** Available data follows **
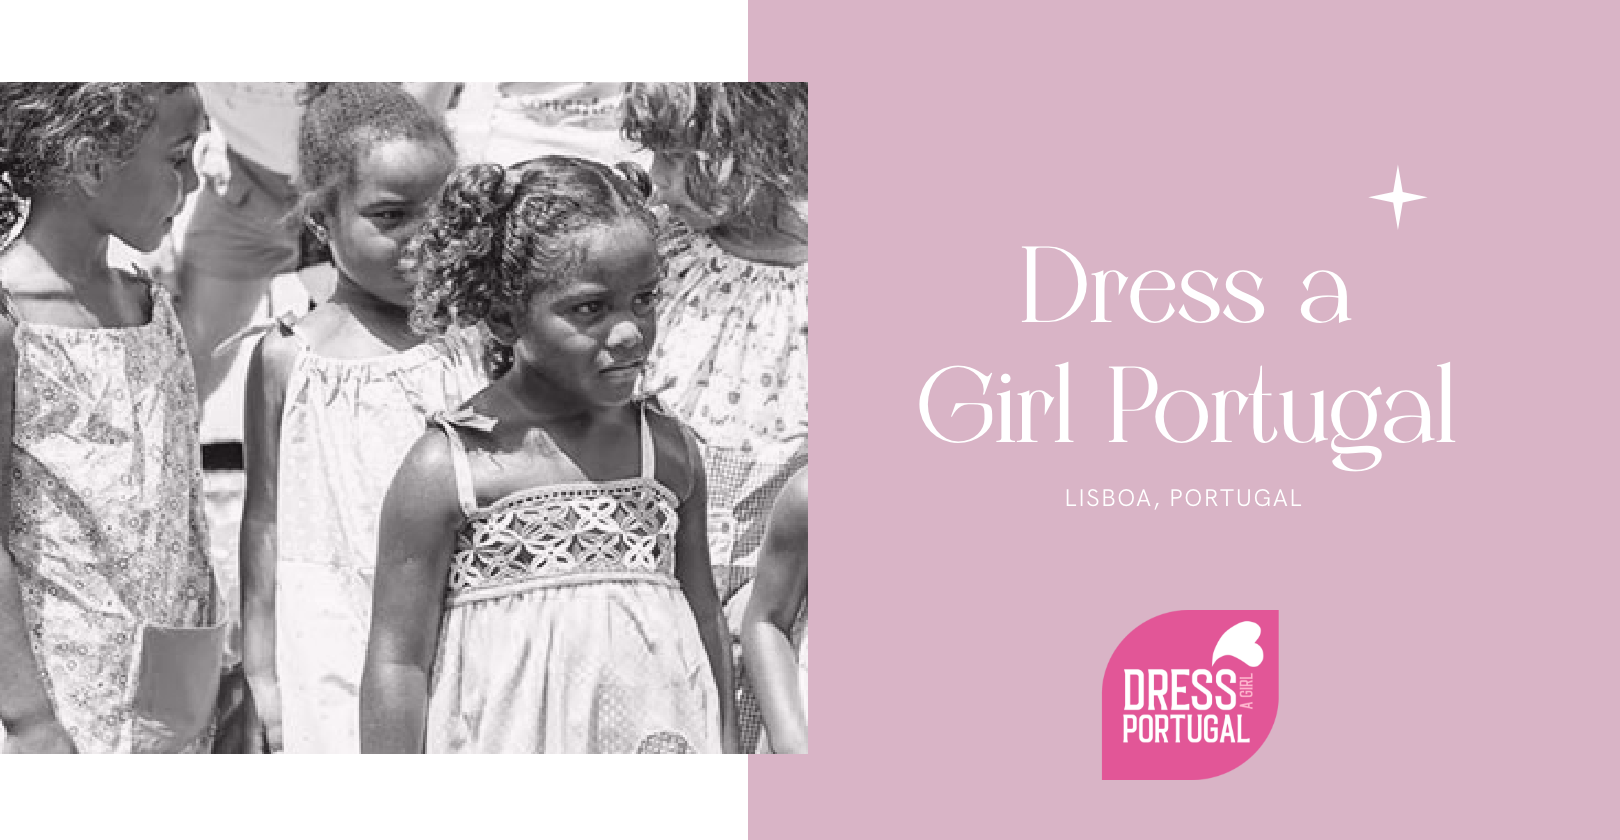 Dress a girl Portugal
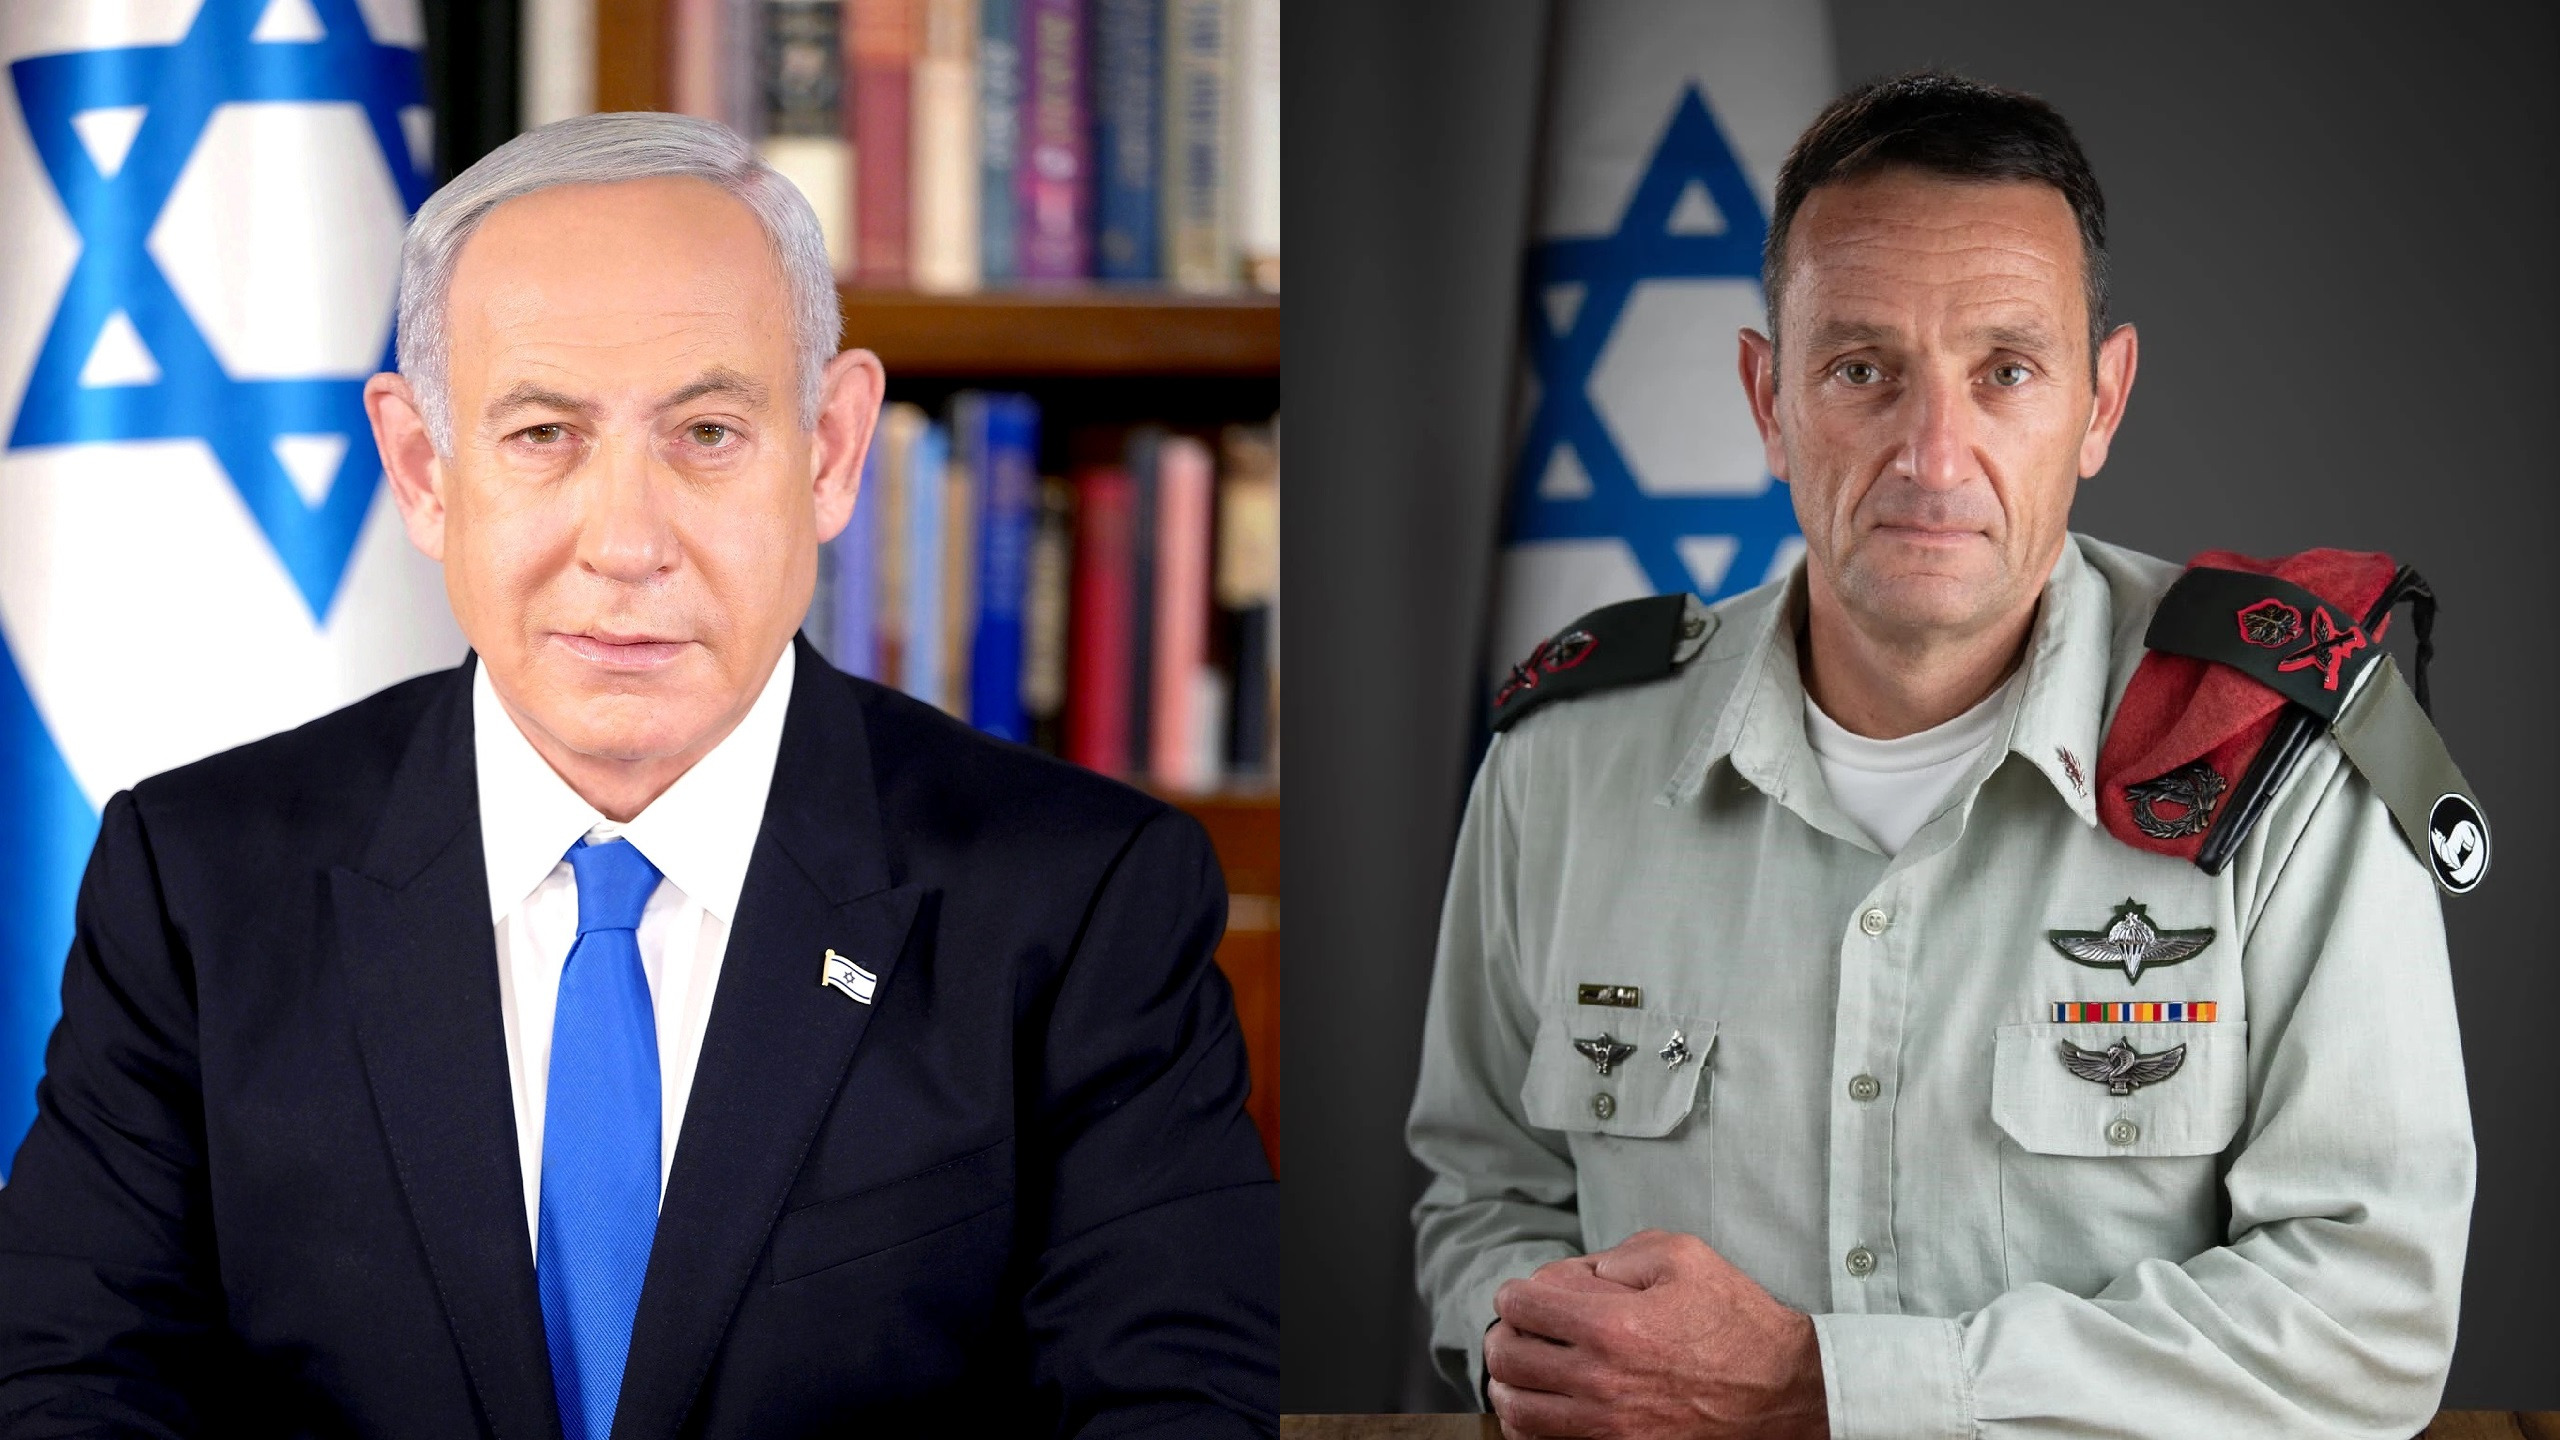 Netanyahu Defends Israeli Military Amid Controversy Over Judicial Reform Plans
** End of Available data **
** Available data follows **
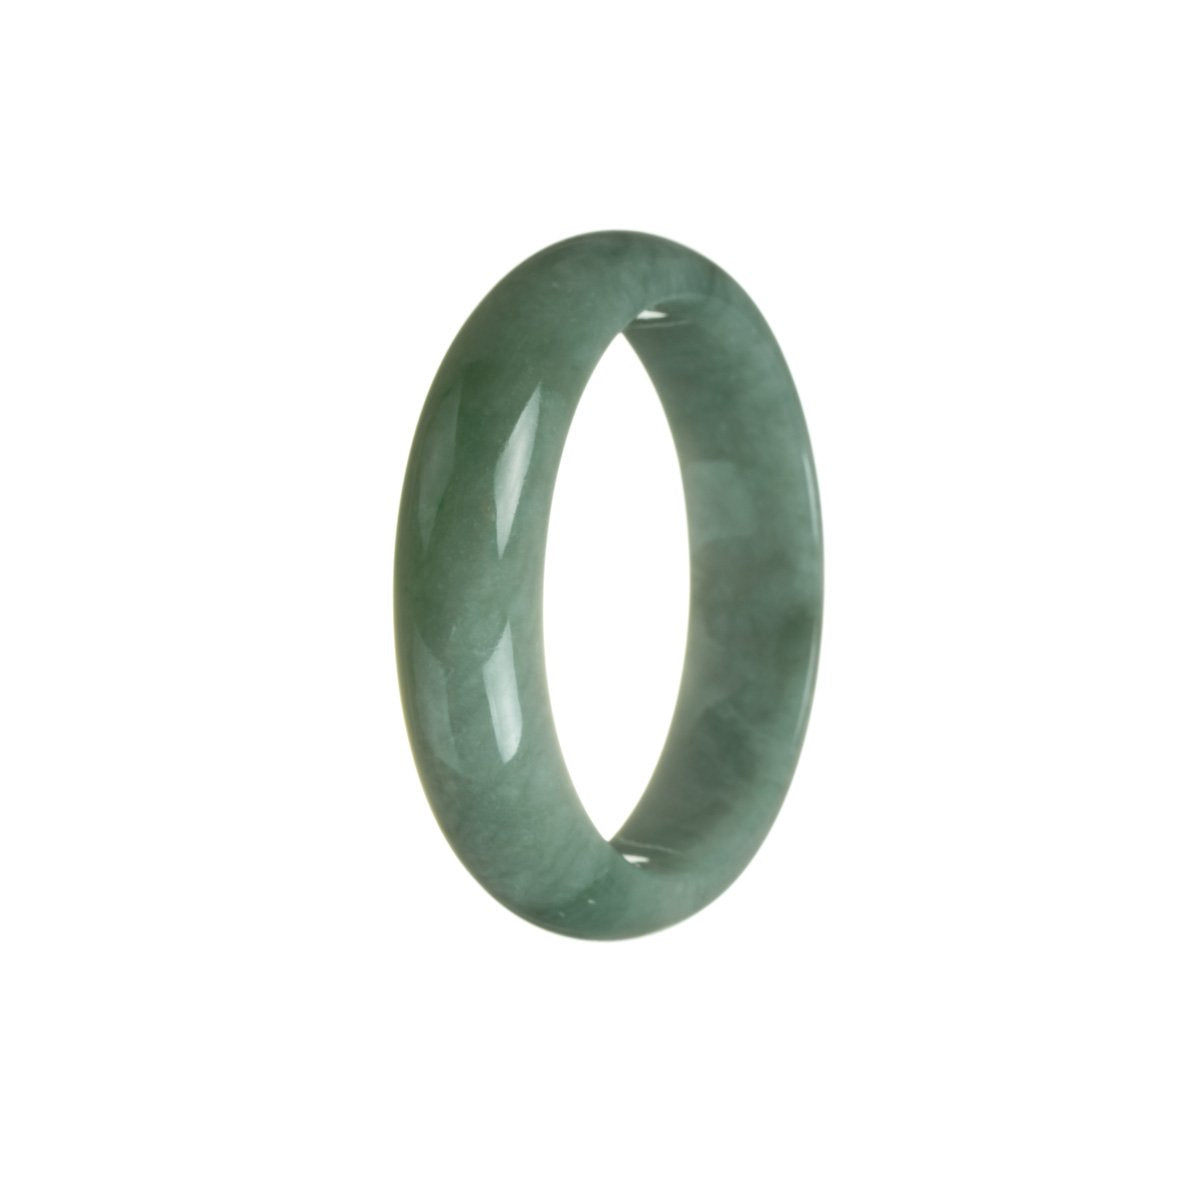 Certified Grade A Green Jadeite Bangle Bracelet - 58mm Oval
** End of Available data **
- **How to complete this task**: Within the listing above, the lines from the one with "Dress a girl Portugal" through the one with "Netanyahu Defends Israeli" are to be given again word for word. Do not include pictures.

- **Response area**:
 Dress a girl Portugal
 Netanyahu Defends Israeli Military Amid Controversy Over Judicial Reform Plans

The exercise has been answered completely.